Her second film, La Nina Santa, was nominated for the Golden Palm at Cannes, and (again like Salles) she has been a member of the juries of both festivals.

The fourth Latin American film in the official competition this year at Cannes is Trapero's Leonera - about a woman who goes to jail during her pregnancy and then tries to bring up her young child in prison - which is co-produced by Salles.

Trapero, 36, has never been nominated for the top prize at a major festival, but his debut feature Mundo Grua caused a stir in Venice in 1999.

This is a record year for Argentine cinema at Cannes, the first time ever that two Argentine films are competing for the Palme d'Or.

Outside the official competition, Pablo Fendrik's La Sangre Brota, Lisandro Alonso's Liverpool and Marco Berger's El Reloj will keep the Argentine flag flying.

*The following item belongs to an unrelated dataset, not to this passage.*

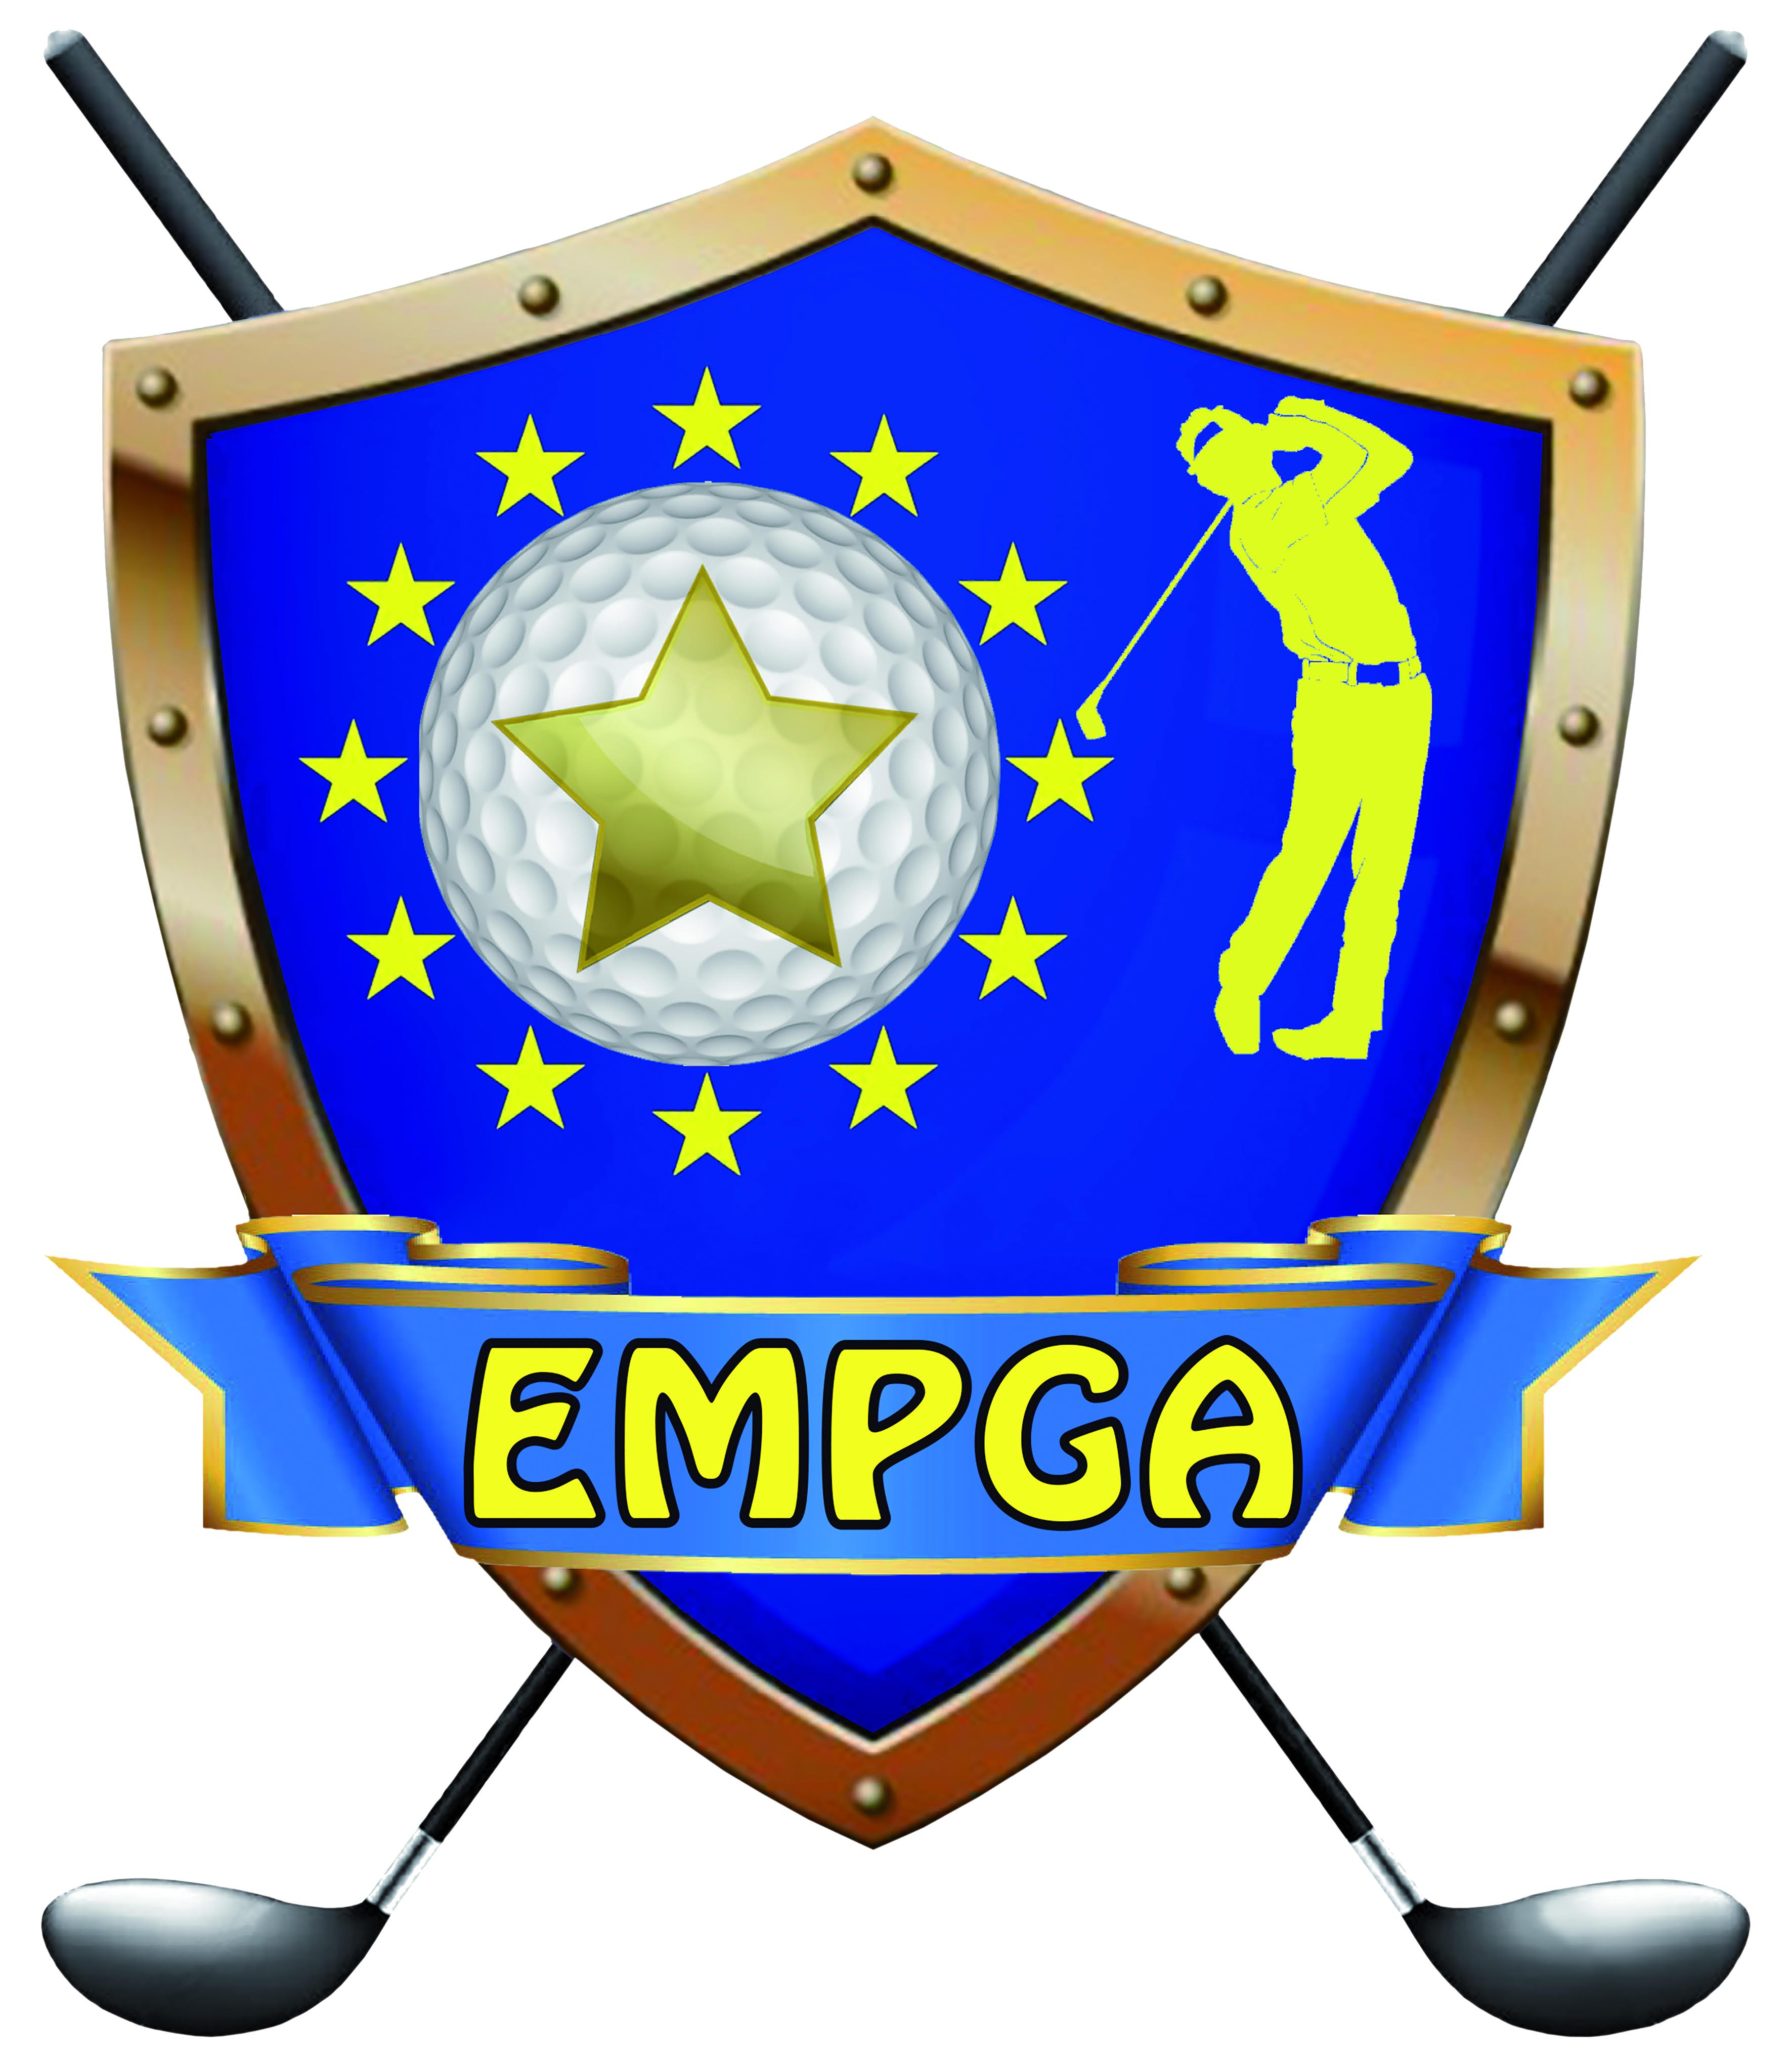 empga logo

Moreover, beyond the work of its own film-makers, the South American country will also be to some extent represented in the official competition by Steven Soderbergh's lengthy feature Che, on the life of Argentine-born revolutionary Ernesto Guevara, and outside the competition by an Emir Kusturica documentary on Argentine football legend Diego Maradona.

'I am really happy. This is really great, it has never happened before,' Martel told Argentine daily Clarin from Paris.

'It is something like the year of Argentine chauvinism. There is Che, Maradona, us ...,' she laughed.

On a more serious note, she interpreted the long list of Argentine films present at Cannes as a sign that the country's film-makers 'are not doing things so badly.'

The strength of Argentine cinema lies in its diversity, Martina Gusman - main actress and executive producer of Leonera, as well as Trapero's wife - told Deutsche Presse-Agentur dpa.

Alongside her husband, co-producer Salles and many others, Gusman seeks to project a comparable whole in Latin American cinema, to 'position it, to find a place for it.'

'If there is a tremendous diversity within Argentina alone, imagine across Latin America!' she admitted.

However, she is not ready to give up on a regional outlook just yet.

'I think it is important to draw something from Latin American culture, even if every country is different,' Gusman stressed.

Cannes seems ready to assist her, Trapero, Salles and others in this effort, with a presence that is not only an acknowledgement of the current quality of the region's cinema, but also a springboard for its future vitality.